Seems unproblematic. Obviously, the existence of an evolutionary explanation in no way necessarily implies anything about meaningfulness or goodness or badness or how we should try to structure our society these days. Unfortunately, that doesn’t seem to be the case. Stephen Pinker, in his book How the Mind Works, wastes a great deal of time bitching about the academic feminists and the Marxists and the café intellectuals and the social scientists. God, they’re all such post-structuralist, postmodernist, constructivists. They hate science, they’re ruining everything. But, to be fair, there are indeed intrinsic problems. Science has been fraught with pseudo-scientifically justified racism, ethically questionable studies and poorly done analyses of non-WEIRD (Western, educated, industrialized, rich democracies) societies. Nonetheless, it has advanced our understanding of the universe far beyond any armchair analysis has ever done or ever could do (Einsteinian thought experiments included). And while I could go into an analysis of what each “side” (they’re not really that easily separated or compared) has historically gotten right, the fact is it doesn’t matter. The facts do. Whatever is true, is true, and any discussion of what is right or what should be needs to start with what is.
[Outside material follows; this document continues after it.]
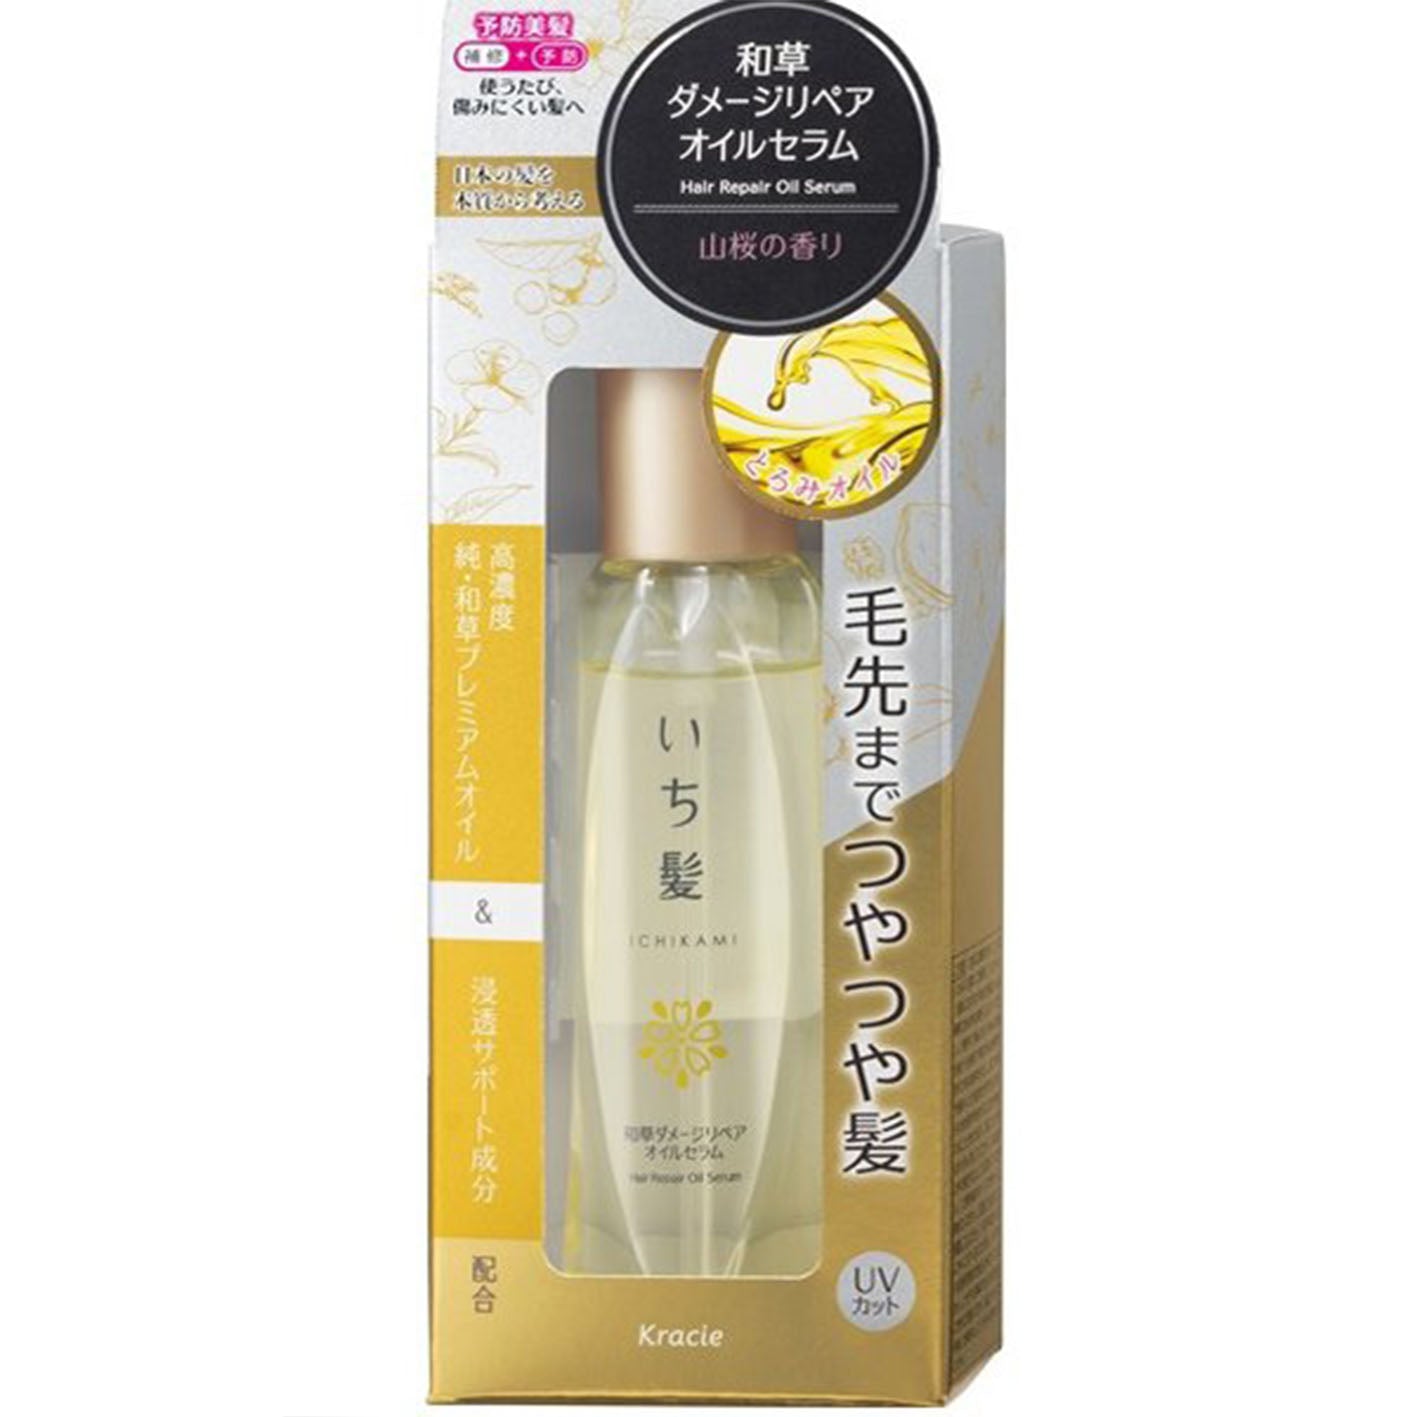 Ichikami Nikogusa Damage Repair Oil Serum 60ml - Harajuku Culture Japan - Japanease Products Store Beauty and Stationery

There’s certainly room for improvement. Instead of working assiduously and transparently to understand the world and society and people on a variety of levels and tolerating dissent as it comes up, these different types of academics seem to hate each other. So perhaps we need to restructure the fields we have at our disposal, make sure we’re not committing any category mistakes, be clear and transparent about the assumptions under which we’re operating and ensure, above all else, that our moral claims stay separate from our truth claims and our truth claims are based on solid evidence. That makes all disciplines more flexible, more adaptable and more likely to be right. It allows the feminists and constructivists (who, by the way, Pinker, are not just looking for legal equality or individual empowerment or specifics of that sort. This is social change we’re talking about) to note that it’s been shown that people are exquisitely sensitive to context in terms of the way they see themselves and others and the way they behave. From that empirical basis, they can criticize prevalent racism and sexism and genderization in the media or in our commercial lives. It also allows others trying to effect social change to frame it in a way that, while non-utopian, may be more effective, such as looking closely at in-group and out-group formation rather than trying to eliminate difference or utilizing incentives instead of good will.
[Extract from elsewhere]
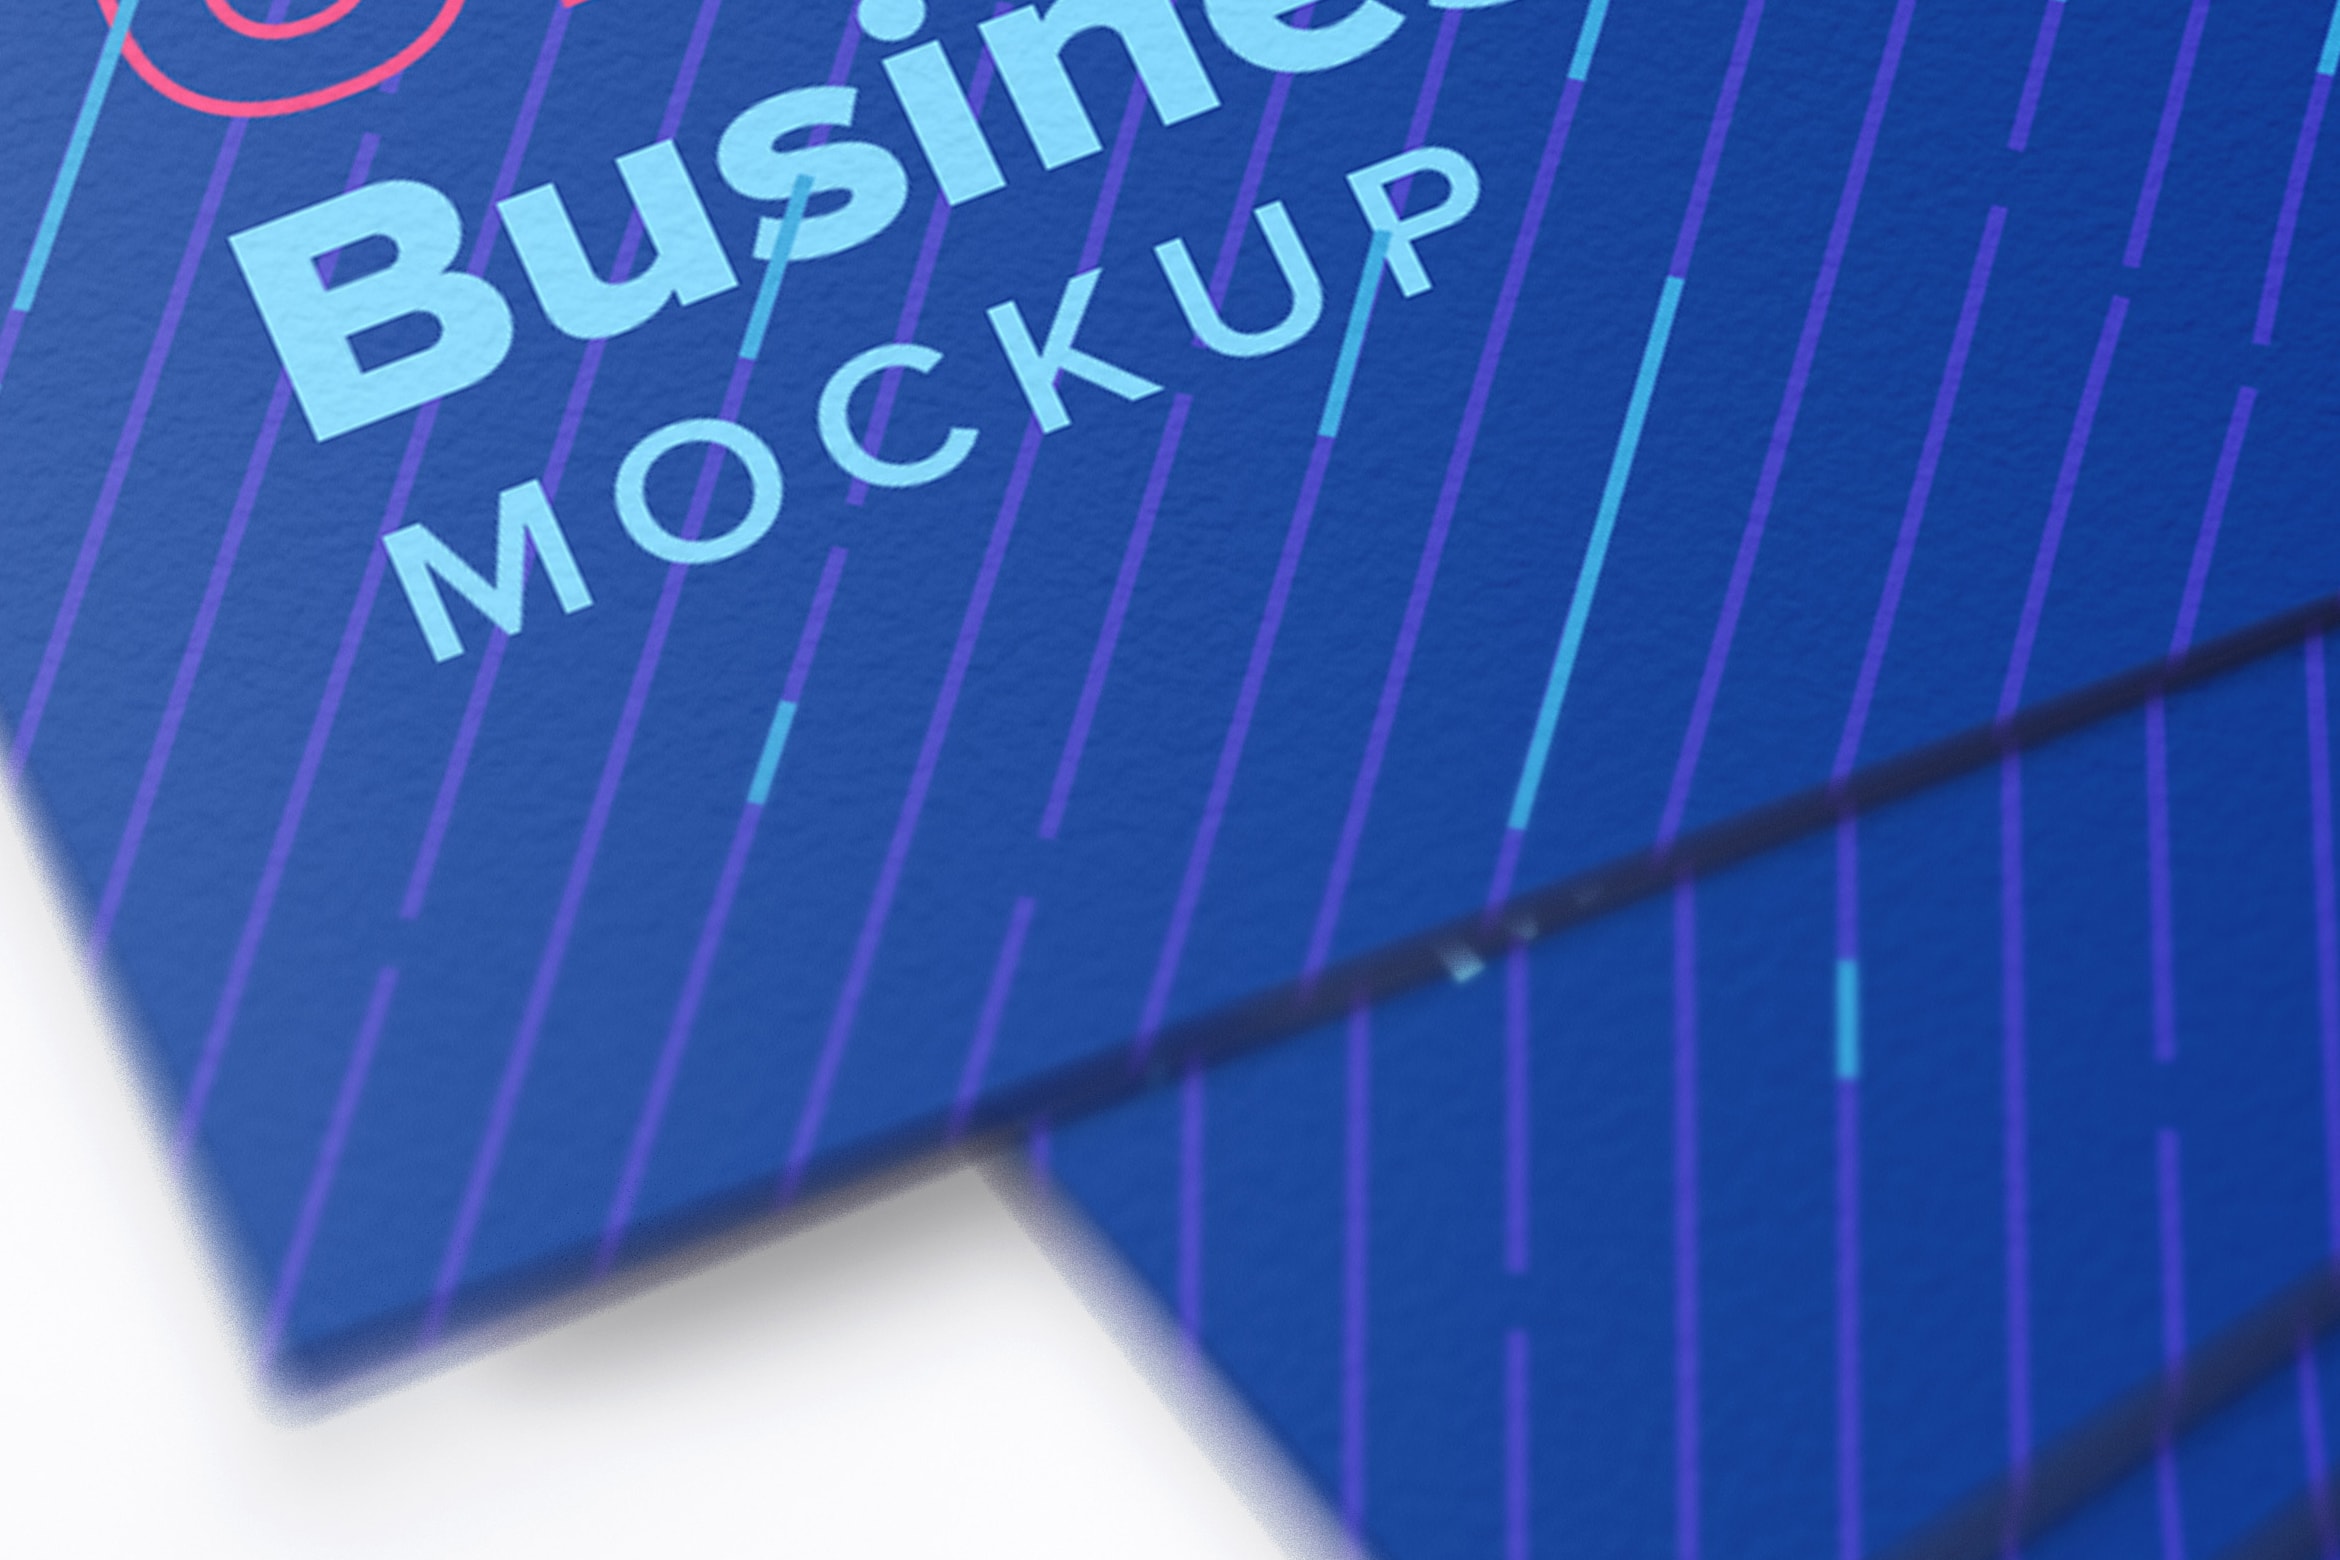 UK尺寸标准企业名片设计效果图预览样机模板04 UK Business Cards Mockup 04插图(1)

So everyone stays on their own turf, understanding and being clear about their own assumptions. That creates a specialized intellectual world that provides a myriad of ways through which to analyze the world. Nonetheless, they learn from each other, not in arguments and axioms, although those might translate, but in the findings that they reach, so that truth can grow as it is shared.

If only, if only.


This post is part of a series:

Confronting Conceptual Conflicts

I’ve written about 3-5 blog posts in the last few days, and I had thought about posting them, but they all seem to be missing something. I pondered it for a while, and it struck me that the problem was, they were really all talking about exactly the same struggle, from several different vantage points.
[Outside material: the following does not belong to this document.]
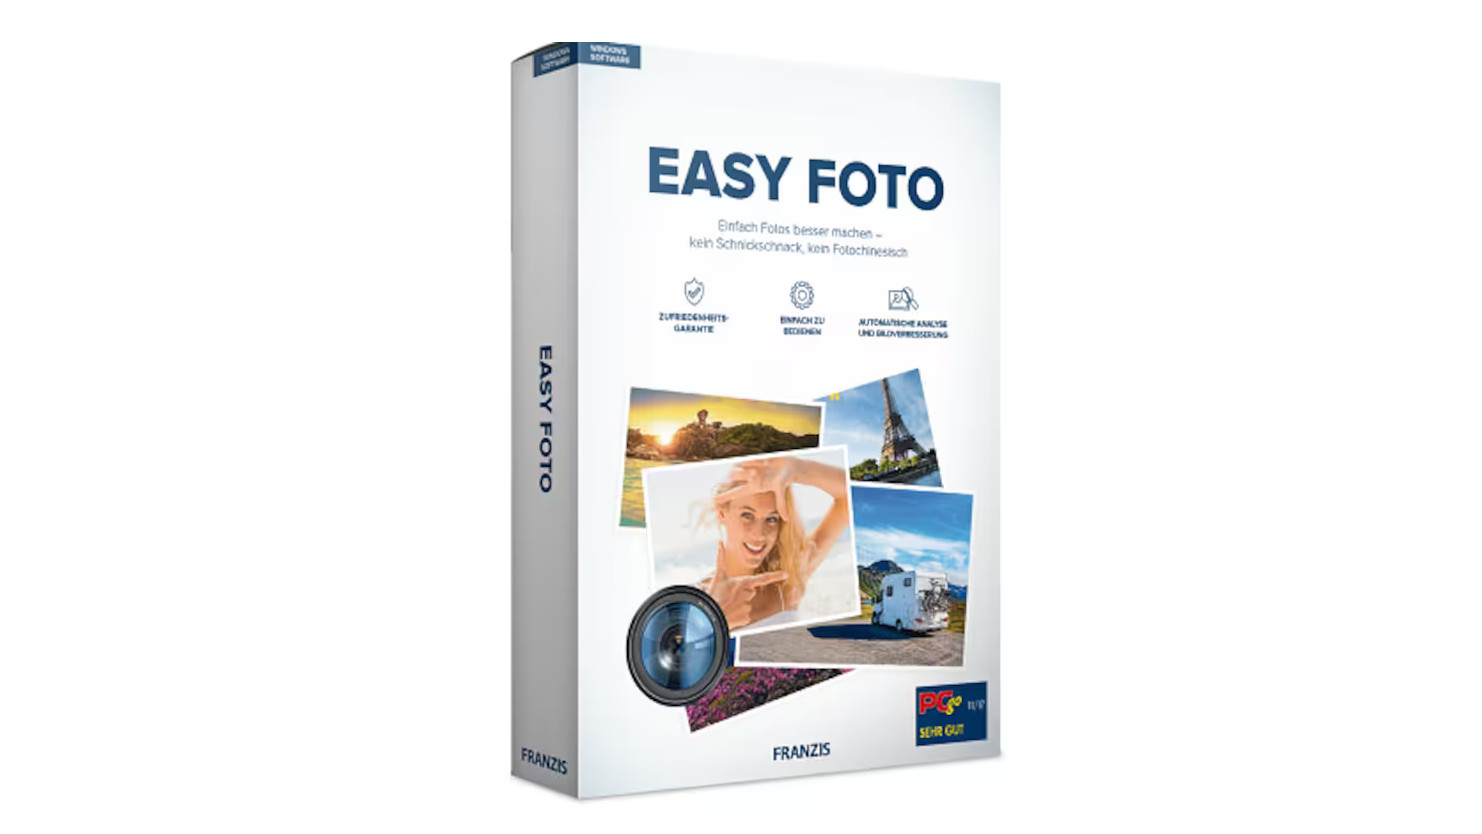 (33.89$) Easy Foto - Project Software Key (Lifetime / 1 PC)

The problem is one of categories, levels and points of view. One of the most incredible things about being human is the diversity of options available, in action but particularly in thought. For someone who aims for logical consistency, however, this can pose some problems. There are ways of living that are applicable in different circumstances, and acting differently in accordance with separate situations is perfectly rational and justifiable. Regardless, even if the modes of thought or action do not come into direct conflict, their orthogonality can be troubling. Sometimes, too, they do seem to be problematically counter-aligned, and I am forced to make a choice, or at least come at the problem in a more sophisticated or nuanced way.

In general, my feelings about orthogonality or interconnectedness or conflict between conceptual frameworks rest not on an underlying feeling that there actually are deep cracks in my worldview as a result of being a feminist and a scientist or a constructivist and logical postivist, or some such. My problem comes more as a result of the fact that other people tend to draw lines in the sand, and since I either agree with both or neither, the lines themselves, usually taking the form of false dichotomies, tend to make me very uncomfortable.

One of the supreme ways in which to understand the world better, more complexly and more deeply is to jump into different axiomatic structures and see where they take you. It is this opportunity that prompts my profound appreciation for a wide variety of fields, systems of knowledge, cultures, subcultures and simple sets of interests or hobbies. There’s not only the chance to open up new worlds, but also to see the old ones differently. In an idealized intellectual space, a holistic understanding could be reached by integrating ideas and strategies from every subset and class one could think of. Obviously, that’s not always, or maybe ever, possible, but with that as my ideal, it makes sense that hardline ultimatums about belief or thought are irritating.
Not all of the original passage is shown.